Converted from paper version of the Broad Ripple Gazette (v04n15)
99 bottles of beer on the lawn - part two - By Lisa Battiston
posted: Jul. 27, 2007
The Broad Ripple Microbrewers' Festival proved to be a hit with everyone-including the Gazette staff. We have view points on numerous beers from three different writers... Enjoy.
When I found out I would get to cover the 12th Annual Microbrewer's Festival on Saturday, July 21, 2007, I was ecstatic. Hundreds of beers were featured at the event with some quite local Indianapolis favorites, including Brugge Brassiere, Broad Ripple Brewpub, Alcatraz, Ram and the Rock Bottom Breweries on both 86th Street and downtown.
I'm not going to pretend like I know a lot about beer. I recognize that there are dozens of different kinds, dozens of different ways to make each kind, dozens of different factors that go into making the fizzy alcoholic beverage. But, being a creature of habit, I generally stick to a few staple beers I know I like. Keeping that in mind, I was excited to be in an atmosphere where there would be hundreds of beers I knew I'd never tried before.
First on my list was Two Brothers' Bitter End pale ale, known to be quite bitter (obviously) but supposedly refreshing. It wasn't my cup of tea (er, pint of beer?) only because I don't exactly like really bitter beers, but my fault for choosing a beer that would've obviously been bitter.
On to Founders' Rubaeus Raspberry Ale. Maybe this is the wuss in me talking, but I could've had seven little two ounce glasses of this beer. It was one of several fruit beers featured at the fest. It wasn't too sweet, but obviously quite fruity and very clean.
Next came local Rock Bottom and their Kolsch, which won a silver medal at the State Fair the week prior. It was quite light and crisp. Loved it.
Around this time, we needed a little beer break. We'd only consumed 10 oz. of beer, but I was feeling a little over-beer'd. Luckily, several restaurants were in attendance, including some fresh corn on the cob, Hoghead's, BadaBoomz and Yats. Yats had their Chili Cheese Étouffée, which I love, so it was food time. And, once finished, upon meandering back to the beer tents, we noticed the keg toss. For ten dollars, any man or woman could throw a keg as far as they could in order to win a kayak provided by Rusted Moon. After a renegade keg got thrown a little too close to my general vicinity, we quickly vacated for more beer.
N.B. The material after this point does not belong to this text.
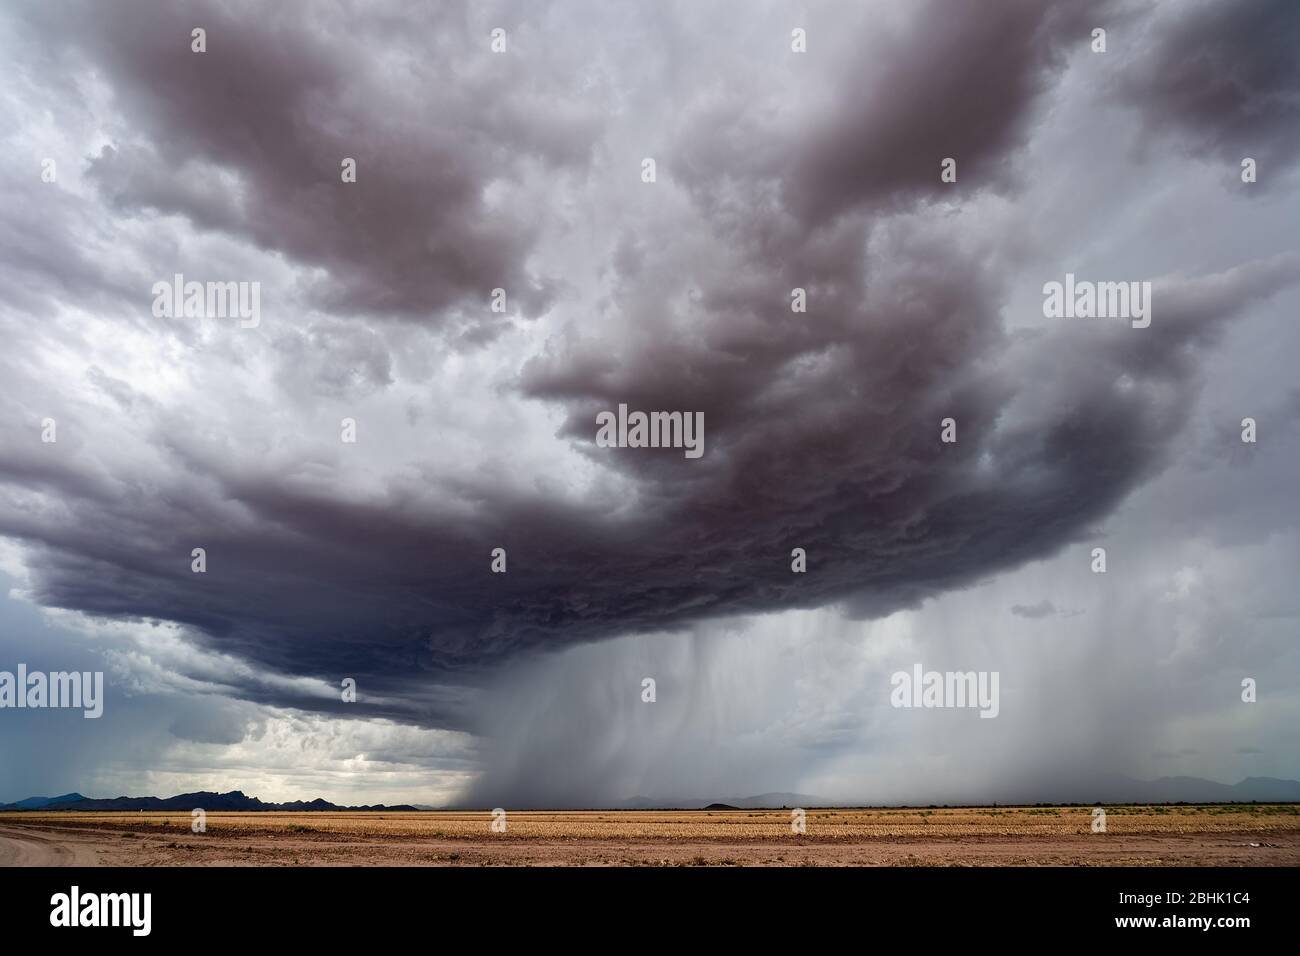 Während der Sommermonsunsaison in der Nähe von Chuichu, Arizona, fallen in der Wüste Sturmwolken mit starken Regenfällen Stockfoto

Then on to the Firkin Tent where I sampled Three Floyds Fantabulous Resplendence. With a name like that, how can you not want to try.
But I'm telling you. Do not try. I may not know much about beer, but I know that that beer was not fantabulous, nor was it resplendent.
Then on to a cider, Gale's Hard Cider. It was a little flat and a little tinny. I've had better ciders, but it wasn't bad.
Last on my list was Bloomington Brewing Co.'s Freestone Blonde. I settled on this only after a friend of ours suggested another fruit beer, the Shmaltz He'Brew Origin Pomegranate Ale, which was apparently infused with a ridiculous amount of pomegranate juice. Unfortunately, we couldn't find the Shmaltz booth through the hoards of beer drinkers, so I settled on the Blonde. I'm sad it's the last beer I tried, as it seemed a little watery.
And there ends my beer judgment. It was an interesting experience, to actively seek out the positives and negatives in the tastes of a beverage I normally don't appreciate. The Microbrewers' Fest made me realize the complexity of beer. It also made me realize I normally order crappy beer. So will I be there next year? You betchya. And maybe I'll start drinking better beer to prepare.